WHAT THE EXERCISE ASKS ->
This exercise calls for retyping every line below exactly, with the images omitted.

DATA SEGMENT ->
+---+

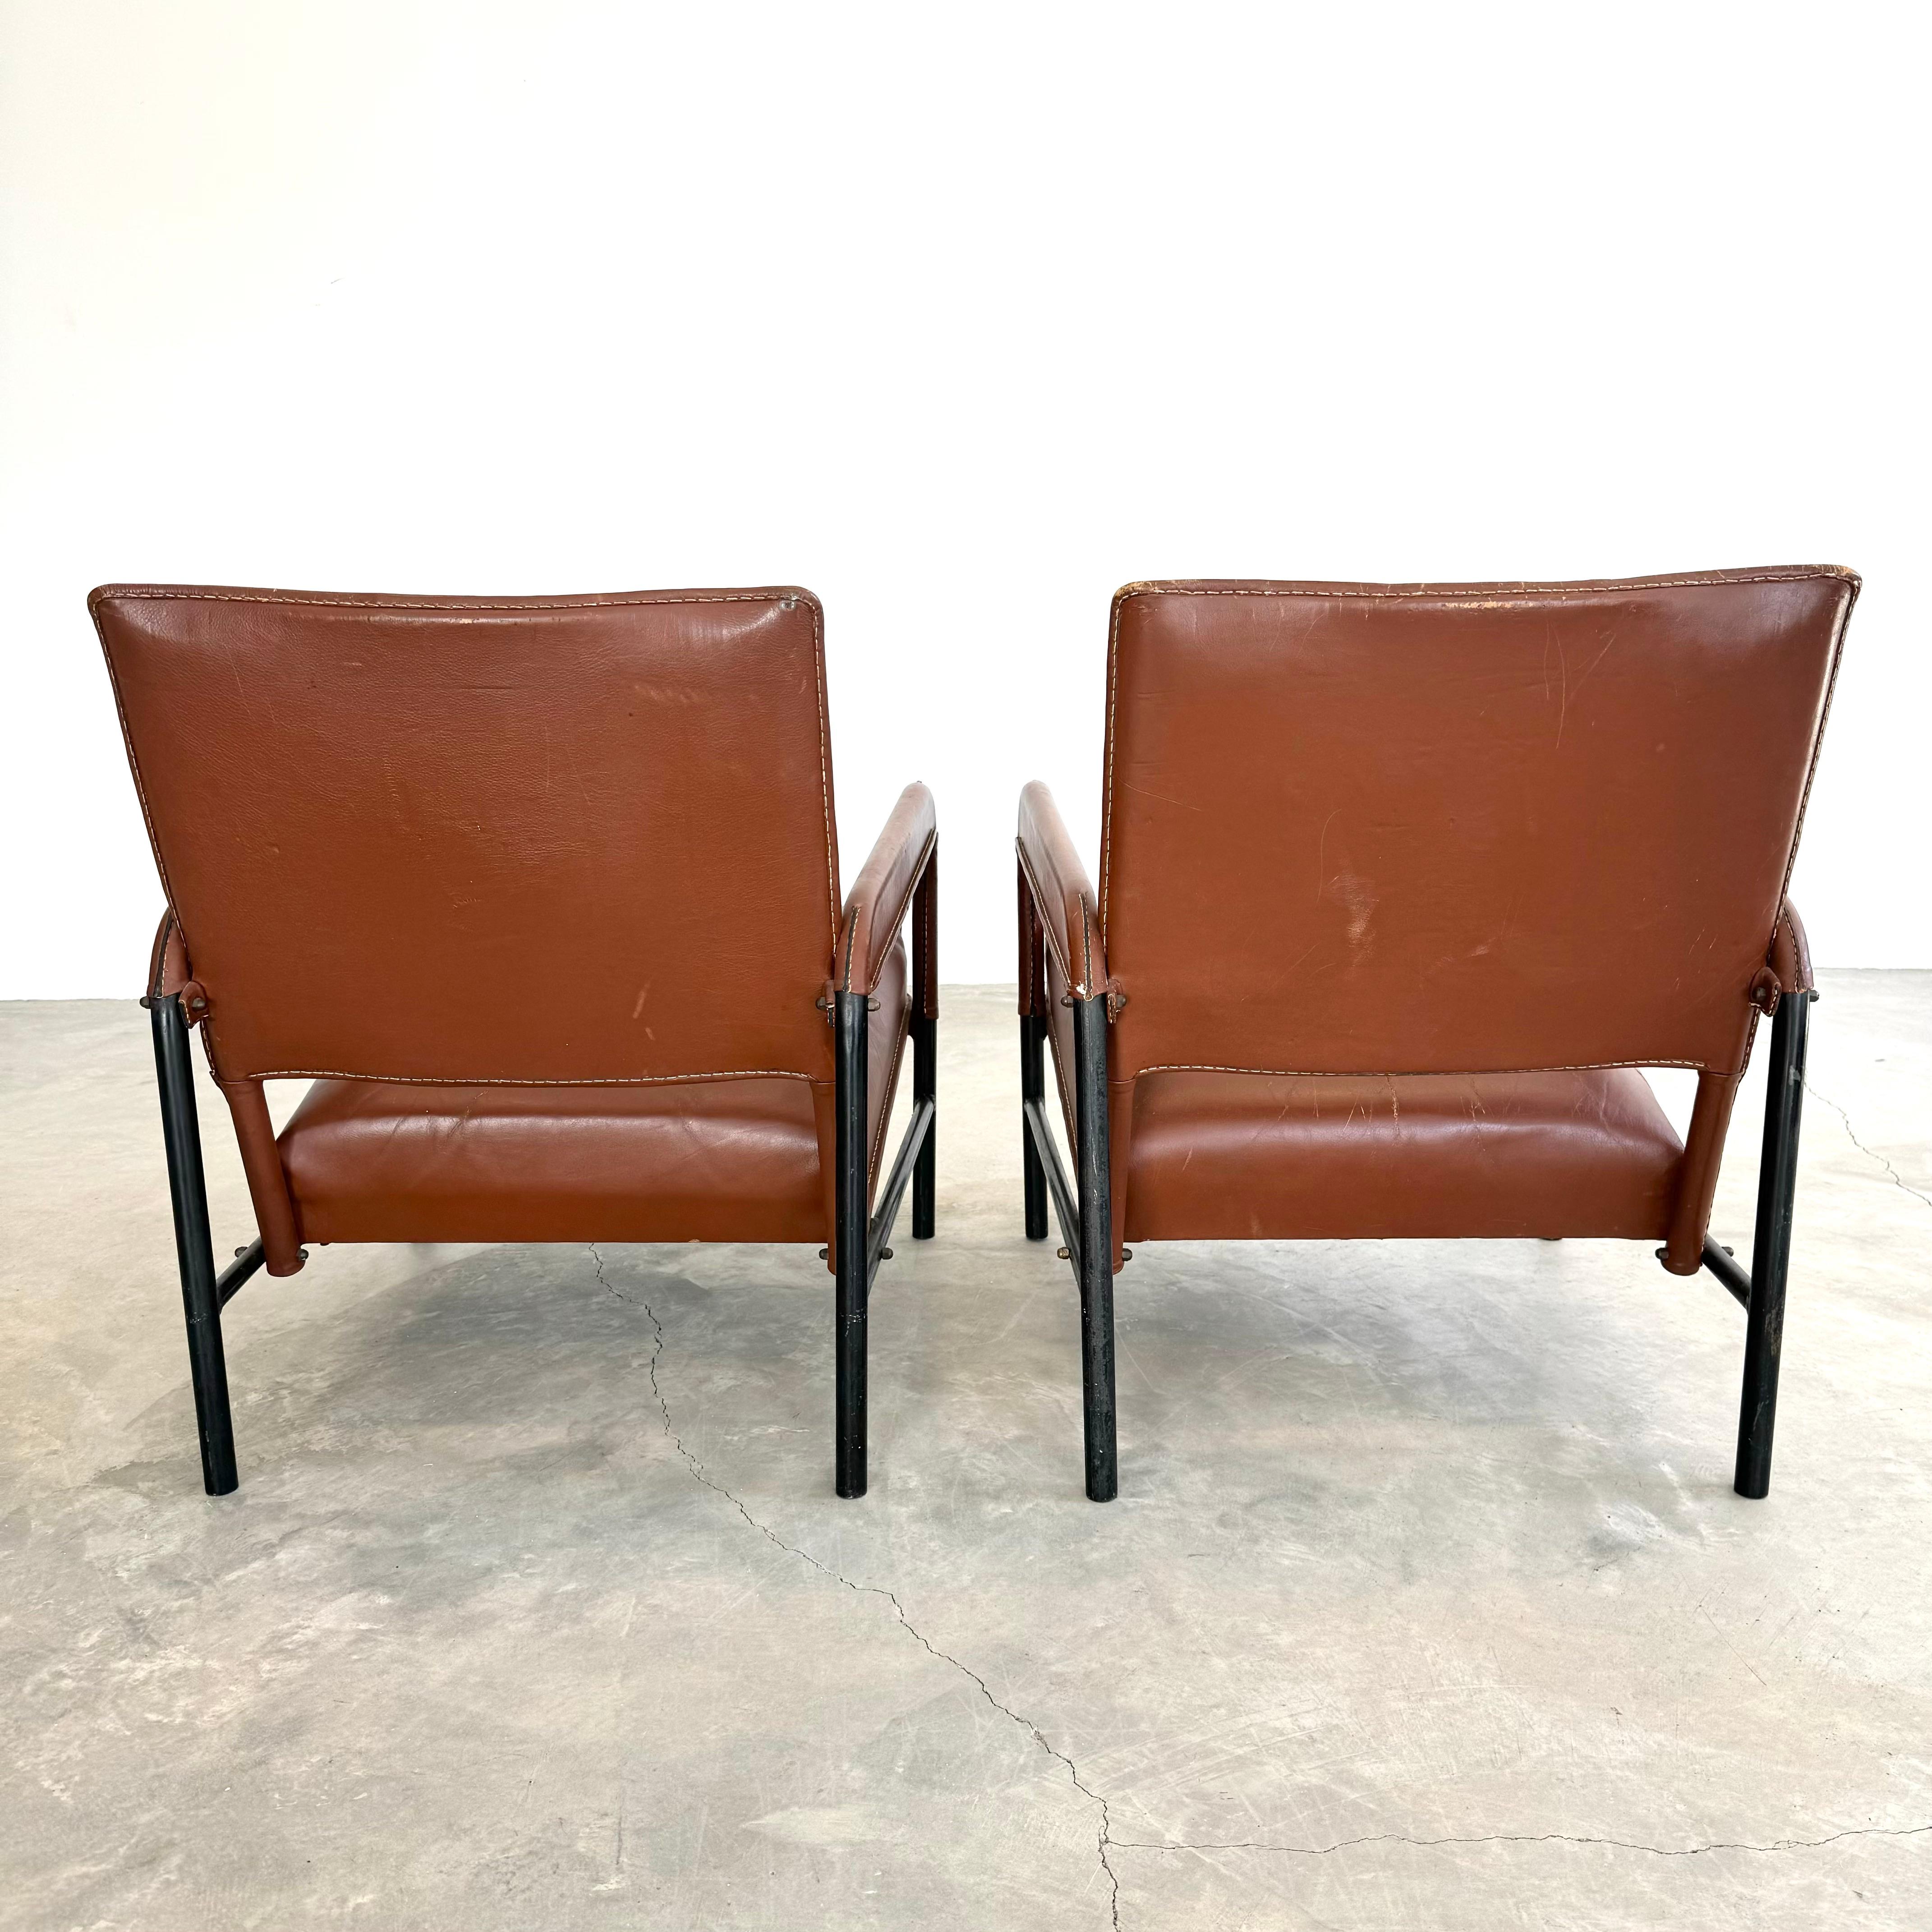 Pair of Saddle Leather and Iron Armchairs by Jacques Adnet, 1950s France For Sale 10
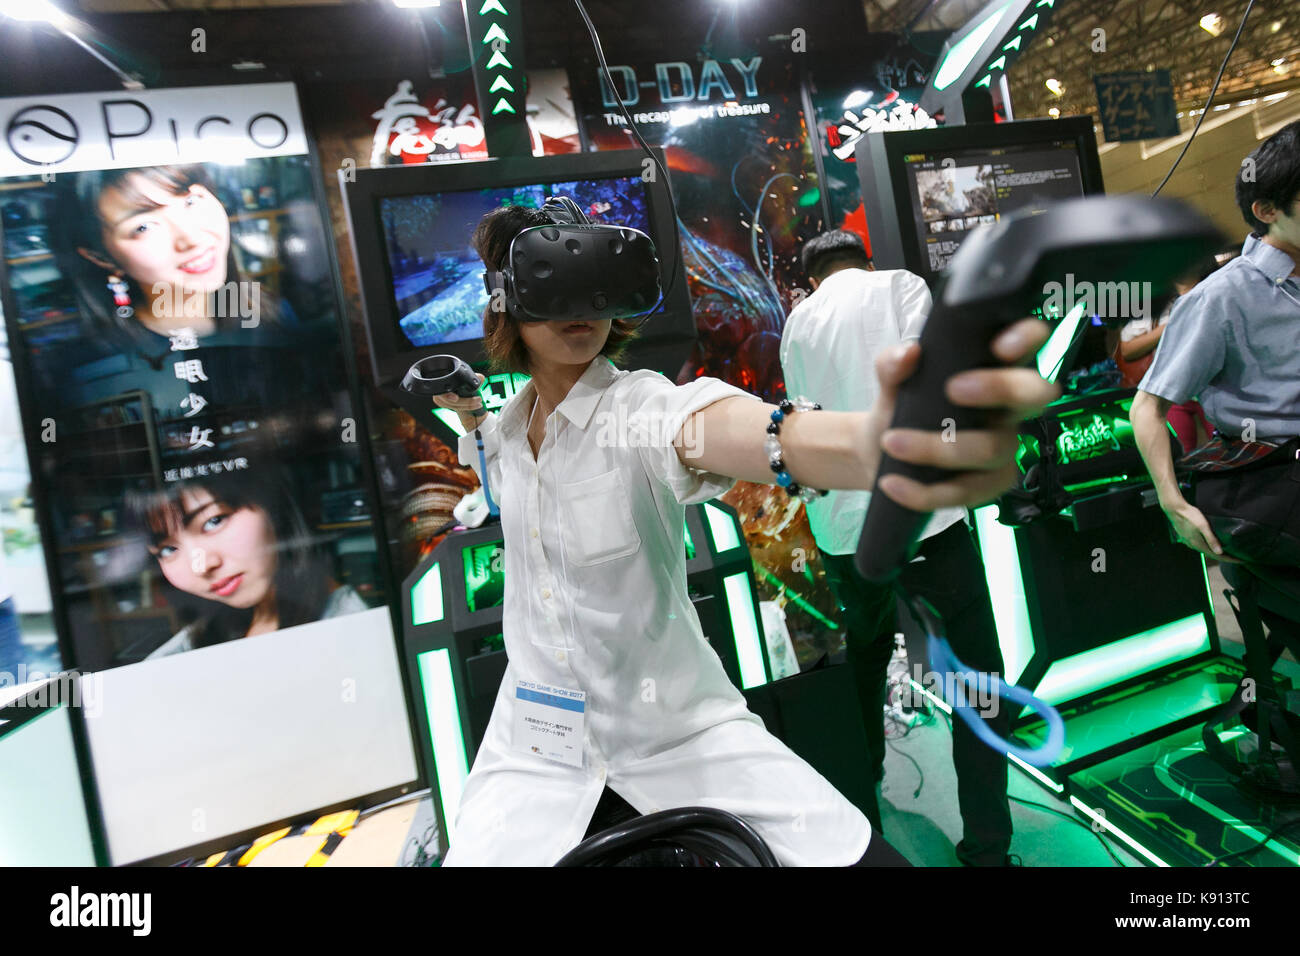 Chiba, Japan. 21st Sep, 2017. A woman tests a virtual reality glasses at the Tokyo Game Show (TGS 2017) on September 21, 2017, Chiba, Japan. This year's event hosts 609 companies from 36 different countries, introducing 1,317 video game titles for smartphones, games consoles, VR, AR and MR platforms. The show, which expects to attract 250,000 visitors, runs until September 24 at the International Convention Complex Makuhari Messe in Chiba; and will be streamed live around the world. Credit: Rodrigo Reyes Marin/AFLO/Alamy Live News Stock Photo
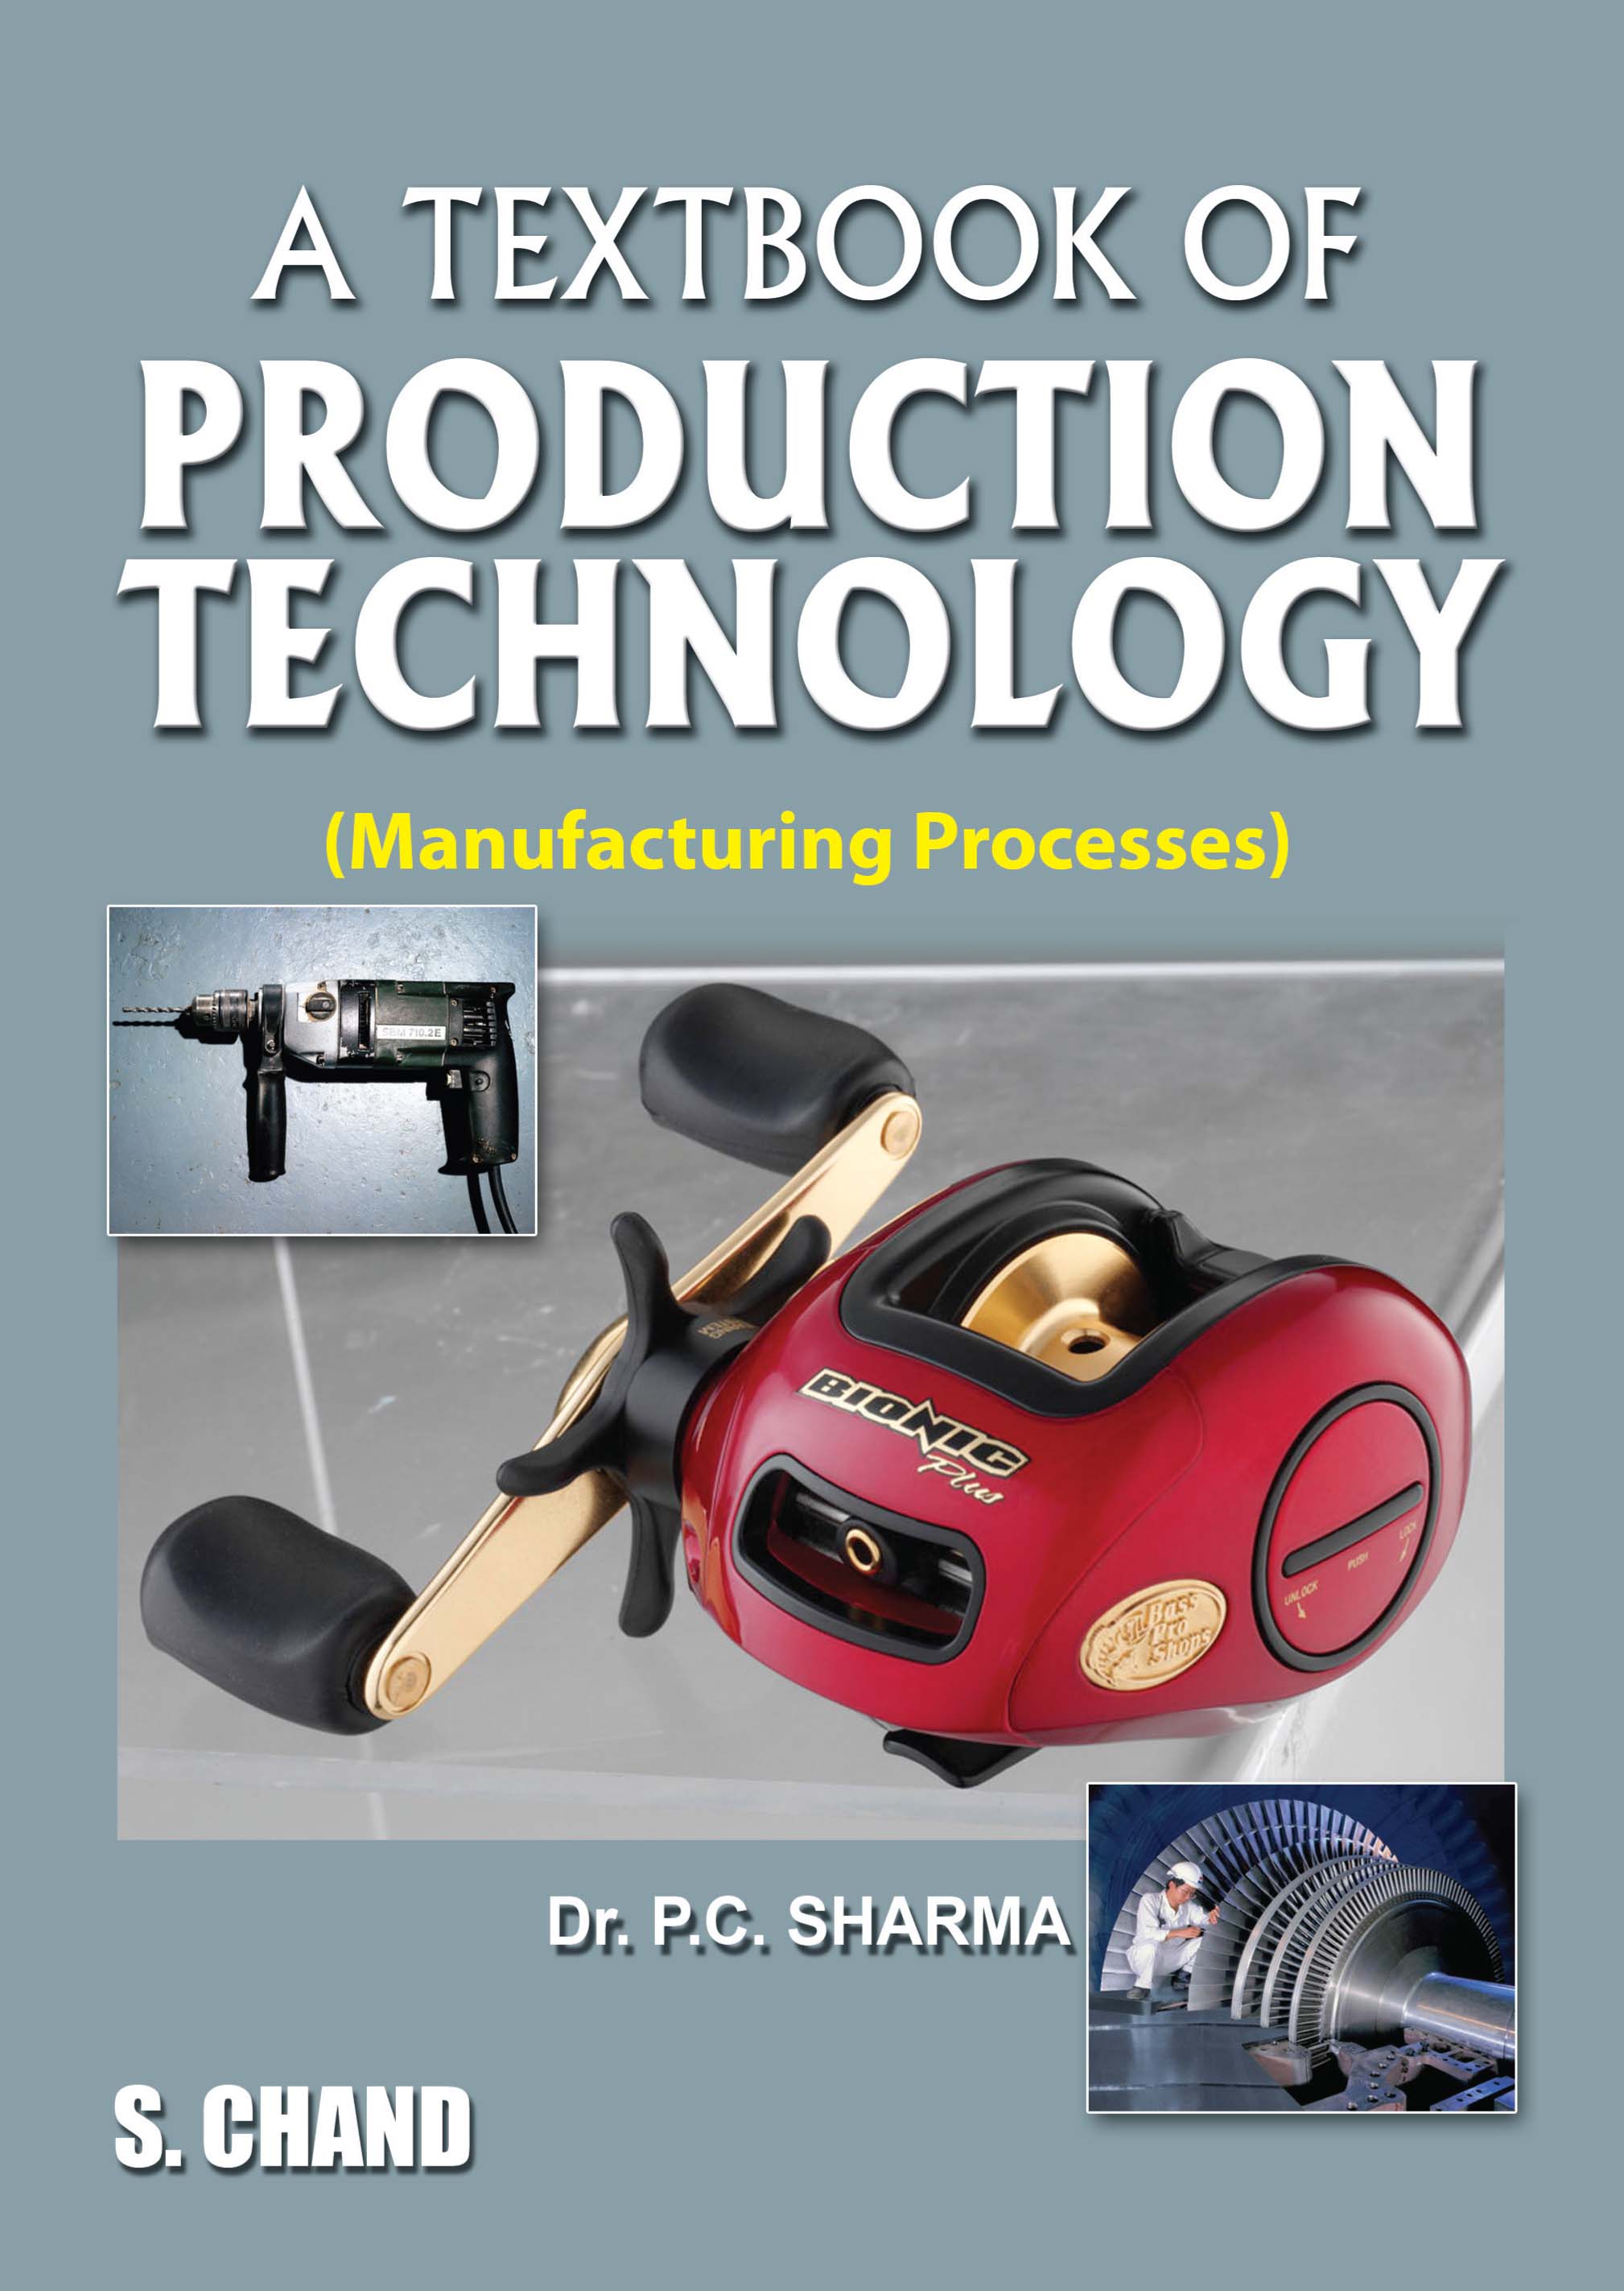 A TEXTBOOK OF PRODUCTION TECHNOLOGY (MANUFACTURING PROCESSES)

+---+

EXERCISE ANSWER ->
 Pair of Saddle Leather and Iron Armchairs by Jacques Adnet, 1950s France For Sale 10
 Chiba, Japan. 21st Sep, 2017. A woman tests a virtual reality glasses at the Tokyo Game Show (TGS 2017) on September 21, 2017, Chiba, Japan. This year's event hosts 609 companies from 36 different countries, introducing 1,317 video game titles for smartphones, games consoles, VR, AR and MR platforms. The show, which expects to attract 250,000 visitors, runs until September 24 at the International Convention Complex Makuhari Messe in Chiba; and will be streamed live around the world. Credit: Rodrigo Reyes Marin/AFLO/Alamy Live News Stock Photo
 A TEXTBOOK OF PRODUCTION TECHNOLOGY (MANUFACTURING PROCESSES)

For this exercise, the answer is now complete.